What happens next — predictions
Three calls follow from the framework. First, through 2026 the stock tracks the backlog and the macro: with the order book locked, NVDA’s path is set more by the rate environment and risk appetite than by demand surprises, which is why the base case sits near the $250 consensus rather than the $300-plus high targets. Second, 2028 is the multiple-compression year — as year-over-year growth slows from 80%-plus toward the mid-20s, expect the market to re-rate the P/E lower even as EPS climbs, capping the base case near $380 despite far higher profits. Third, by 2030 the dispersion is enormous because it is almost entirely a valuation question: the same roughly $21 of EPS supports $300 in a Cisco-style reset and $900 if Nvidia is still treated as a premium compounder.

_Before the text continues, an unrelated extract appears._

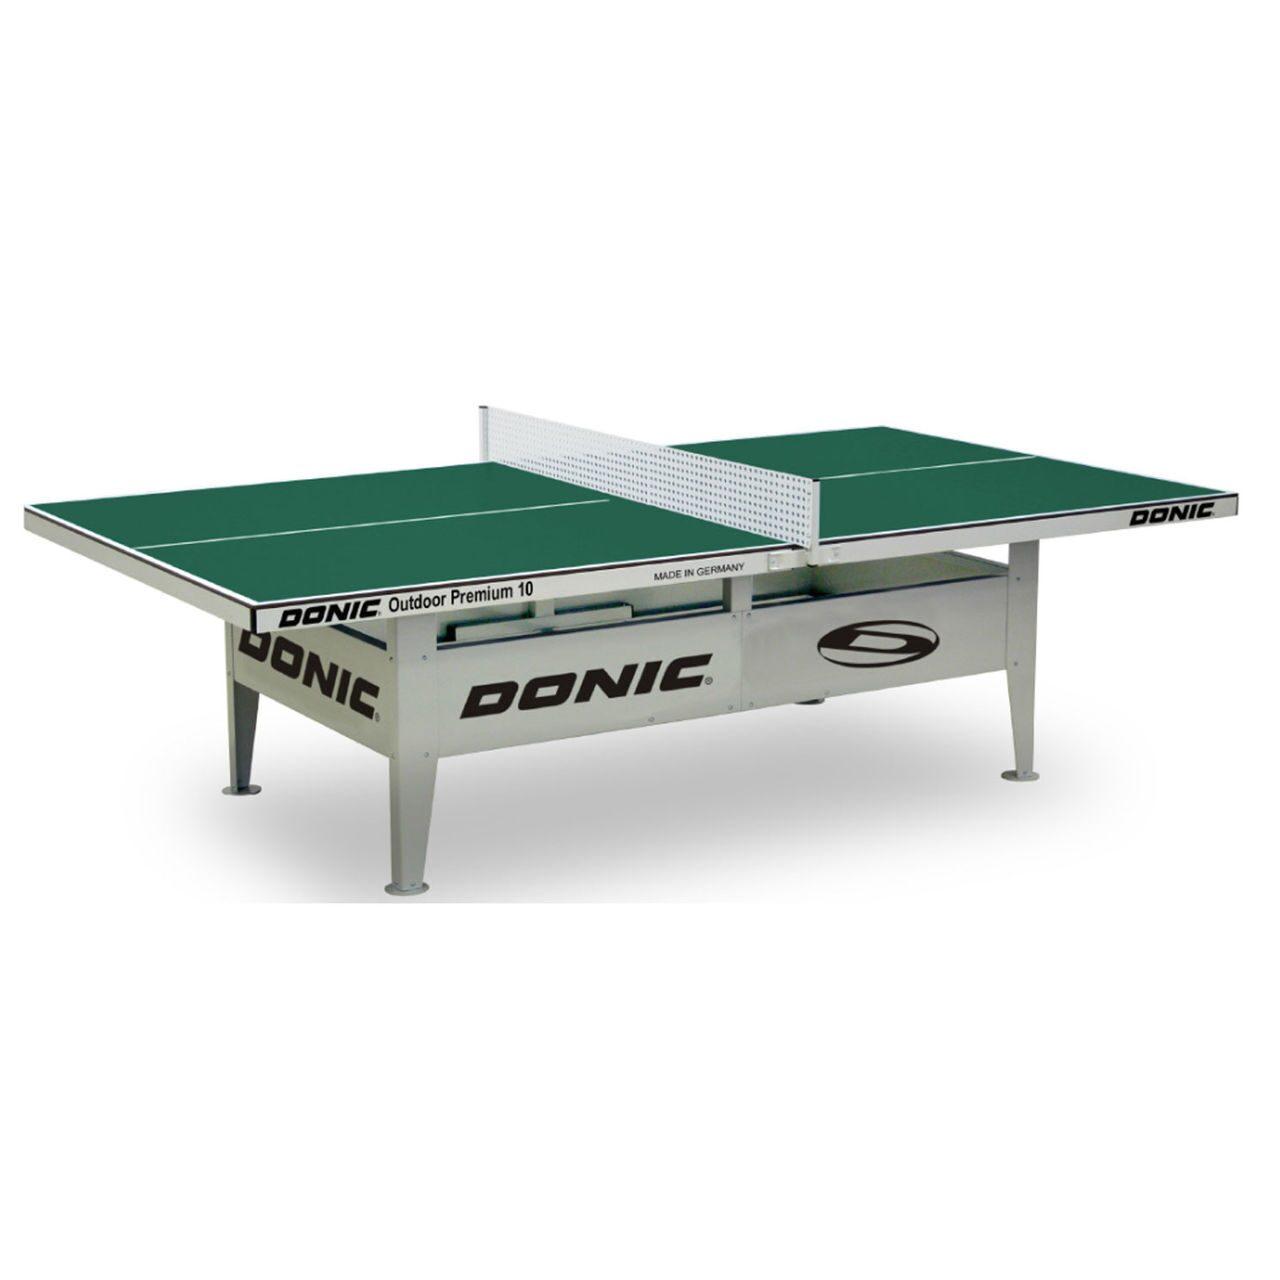 Всепогодный Теннисный стол Donic Outdoor Premium 10 зеленый 230236-G

For longer-horizon investors, the discipline is to separate the company from the stock. Nvidia the business is very likely larger, more profitable and still dominant in 2030. Nvidia the stock depends on a multiple no model can pin down — which is exactly why a credible forecast must be a range, not a point. The comparable AI-infrastructure names round out the picture in our Intel stock forecast.
FAQ
What is the Nvidia (NVDA) price prediction for 2026?
This analysis models a 2026 base case near $250, a bull case around $330 and a bear case near $150, anchored to Morgan Stanley’s scenarios and the $250-$500 Street range. The consensus 12-month target across 38 analysts is roughly $300, with the stock at $192.53 on June 26, 2026.

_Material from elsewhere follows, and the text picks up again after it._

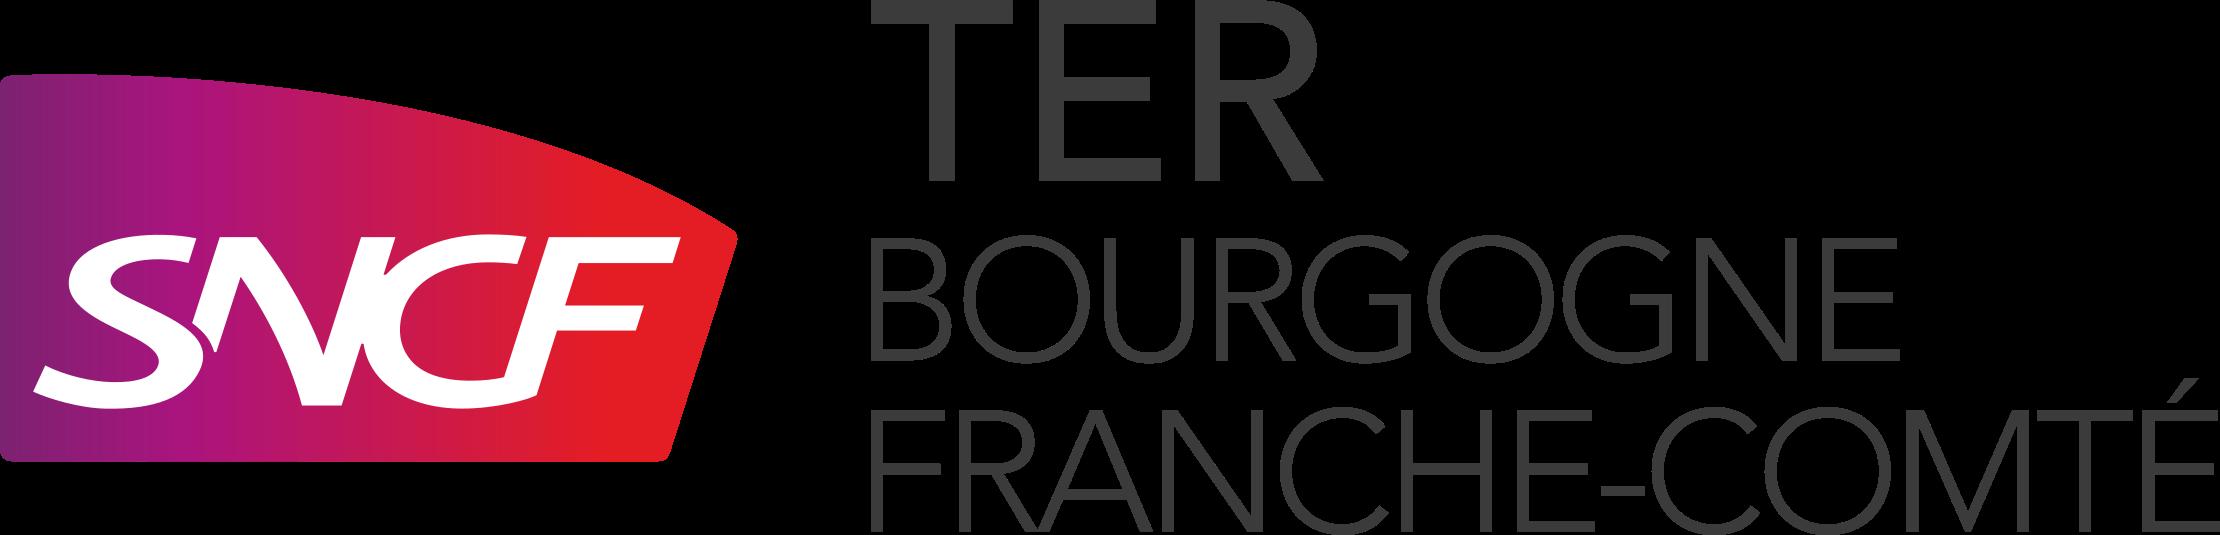 Nouvelle fenêtre : Site TER Bourgogne Franche-Comté

Where could NVDA stock be in 2030?
The 2030 base case here is about $520, with a bull case near $900 and a bear case around $300. The wide range reflects valuation, not demand: the same roughly $21 of projected EPS supports very different prices depending on the price-to-earnings multiple the market pays.
Why is the multiple more important than AI demand?
Near-term demand is largely locked by a $500 billion Blackwell and Rubin backlog. The bigger uncertainty is whether the market keeps paying 35-40 times earnings as growth slows. History — notably Cisco after 2000 — shows an infrastructure leader’s revenue can keep rising while the stock stalls on multiple compression.
How does China affect the Nvidia forecast?
US export controls have excluded roughly $50 billion of annual China data-center revenue from FY2027 guidance. Tighter controls widen the bear case, while an approved restart of H200 sales to China — already under way — is potential upside not fully reflected in consensus estimates.
Is Nvidia stock a buy at these levels?
That depends on your view of the multiple and your risk tolerance, not on this article. The bull-bear spread is unusually wide precisely because reasonable investors disagree on valuation. This piece is informational analysis, not a recommendation; see the disclaimer below.
What are the biggest risks to this Nvidia forecast?
The primary risk is valuation: a fall in the price-to-earnings multiple toward the mid-teens would cap or cut the stock even if revenue keeps rising, the Cisco-after-2000 scenario. Secondary risks include a faster-than-expected slowdown in AI capital spending by hyperscalers, share loss to custom ASICs and AMD, tighter US-China export controls widening the roughly $50 billion China gap, and any slip in TSMC’s advanced-packaging capacity that constrains Blackwell and Rubin shipments.
Disclaimer: This article is informational analysis only and is not financial, investment, or trading advice. Equities are volatile and can lose value rapidly; price targets are scenario estimates based on stated assumptions and are not guarantees. Past performance and analyst forecasts do not assure future results. Do your own research and consult a regulated financial adviser before making any investment decision.